Maryland joblessness unchanged at 4.2%

July unemployment in state remains below the nationwide rate

September 07, 2002|By Bill Atkinson | Bill Atkinson,SUN STAFF

Maryland's unemployment rate held stable in July compared with July last year, as more people, including seasonal workers, found jobs in construction, services and the hotel and amusement industries, according to data released yesterday.

The state's jobless rate was 4.2 percent in July, the same as it was a year earlier, according to figures released by the state Department of Labor, Licensing and Regulation. The figures are not adjusted for seasonal variations. Maryland's unemployment rate in June was 4.4 percent.

The unemployment rate is "still well below the national average," said Charles W. McMillion, chief economist at MBG Information Services in Washington. "It shows that while the labor market is weak, unemployment continues to be very low."

Maryland's labor force, which generally peaks in July, grew by 27,876 workers in the month, putting the labor force at 2.96 million, according to the state. Total employment reached a record 2.84 million.

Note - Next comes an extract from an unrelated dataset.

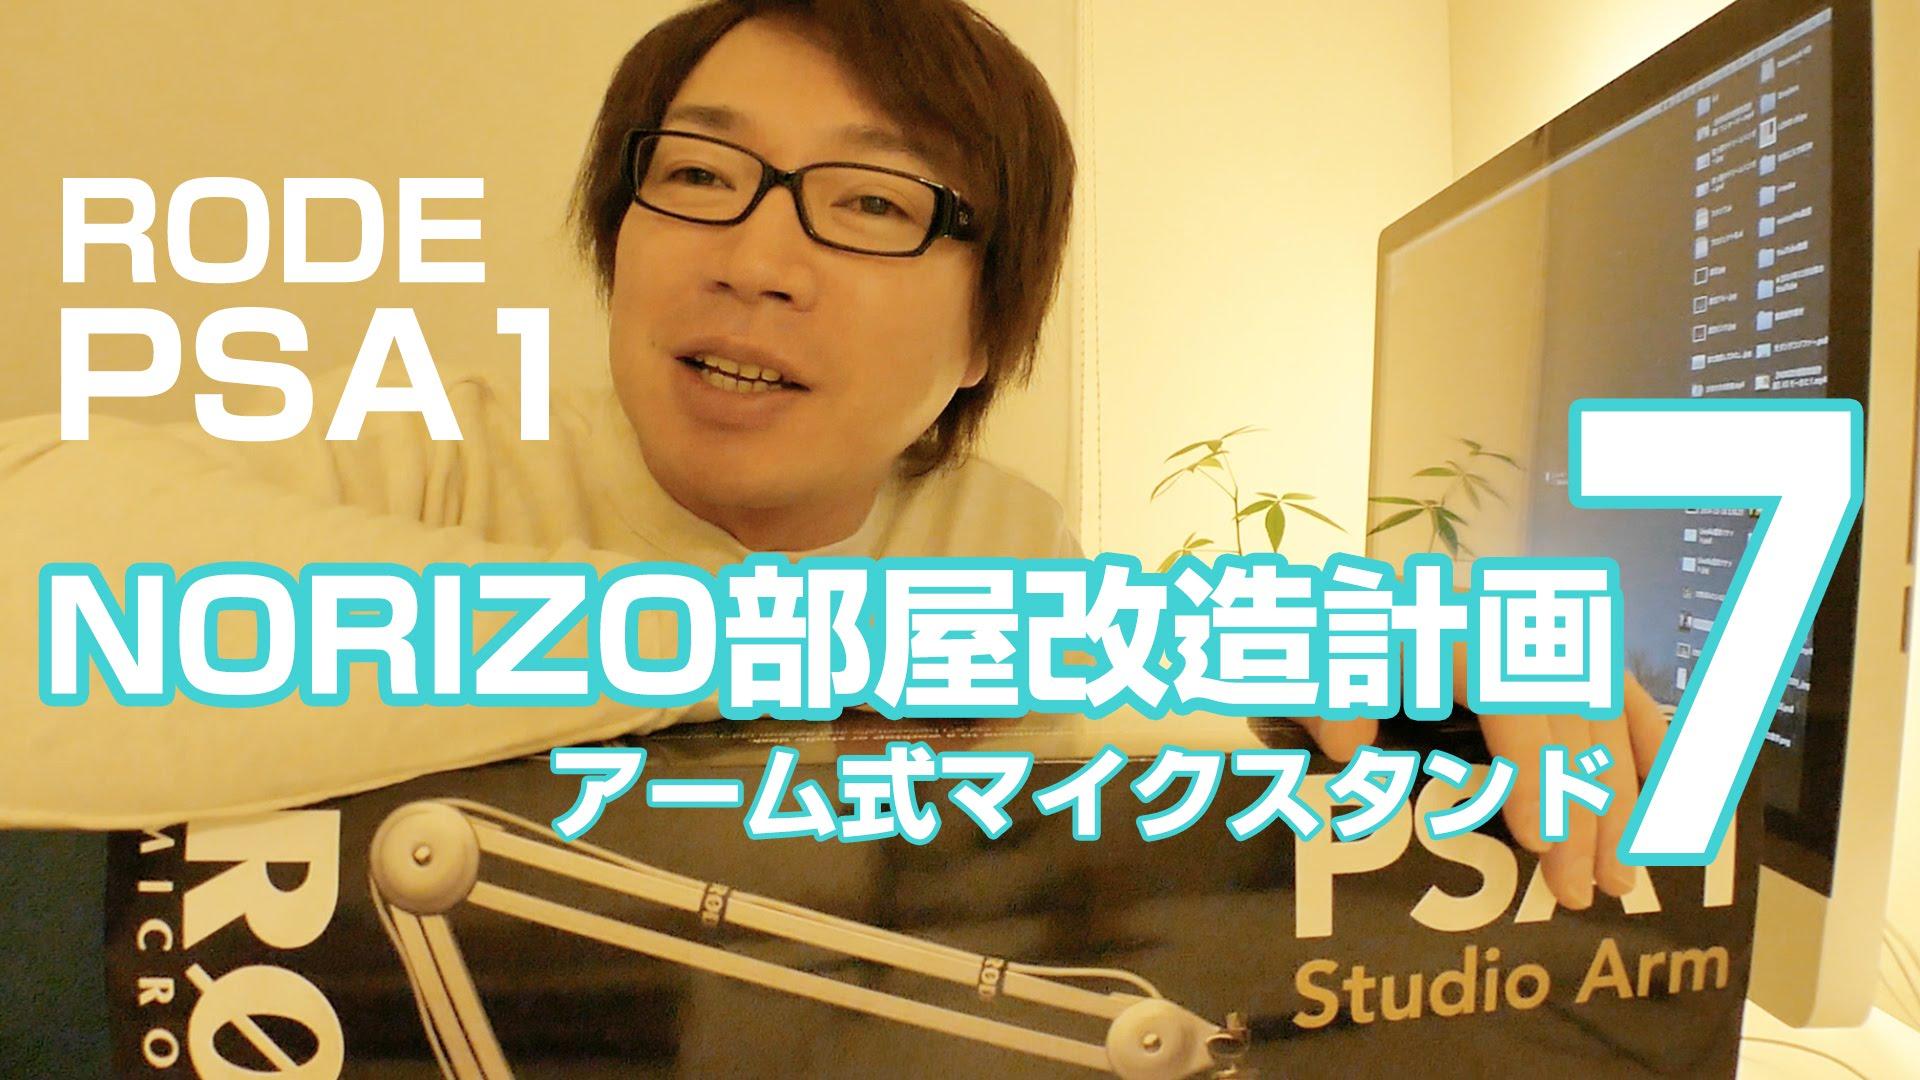 【NORIZO部屋改造計画】#7 RODE PSA1 Studio Armをインテリアに

A survey of payrolls by the Bureau of Labor Statistics found that Maryland's labor force grew by 9,100 in July. The survey uses seasonally adjusted figures to eliminate fluctuations such as temporary summer workers.

Total jobs available in Maryland were 1.3 percent lower in July than a year earlier, with a 5 percent decline in construction jobs, a 3.9 percent drop in manufacturing and a 3.3 percent reduction in utilities, according to the survey.

"In terms of job figures, you lost 23,500 jobs in July, the figures show," McMillion said.

Maryland's economy, like that of the nation, has struggled, with few companies hiring. Many economists think the country emerged from recession early this year and that Maryland followed soon thereafter.

In Baltimore and a number of Maryland counties that traditionally have high unemployment, however, joblessness declined in July, according to the state.

In Baltimore, which had the highest unemployment in the state, the rate fell to 7.8 percent in July from 8.3 percent a year earlier. Dorchester County followed with an unemployment rate of 6.3 percent, down from 8.4 percent. Garrett County in Western Maryland had an unemployment rate of 5.8 percent, down from 6.7.

The counties with the lowest unemployment rates included Talbot County, 2.5 percent; Montgomery County, 2.7 percent; Frederick County, 2.9 percent; and Charles County, 3 percent.

Howard and Anne Arundel counties had unemployment rates of 3 percent and 3.7 percent, respectively. Both had slightly higher rates than a year earlier.

Melissa Moore, regional director for staffing at Spherion Corp., said that in the past six to eight weeks there has been a pickup in demand for the recruiting and job placement company's services in the Baltimore area.

"We can tell that companies are feeling better by the number of searches we assume" to find permanent employees, she said.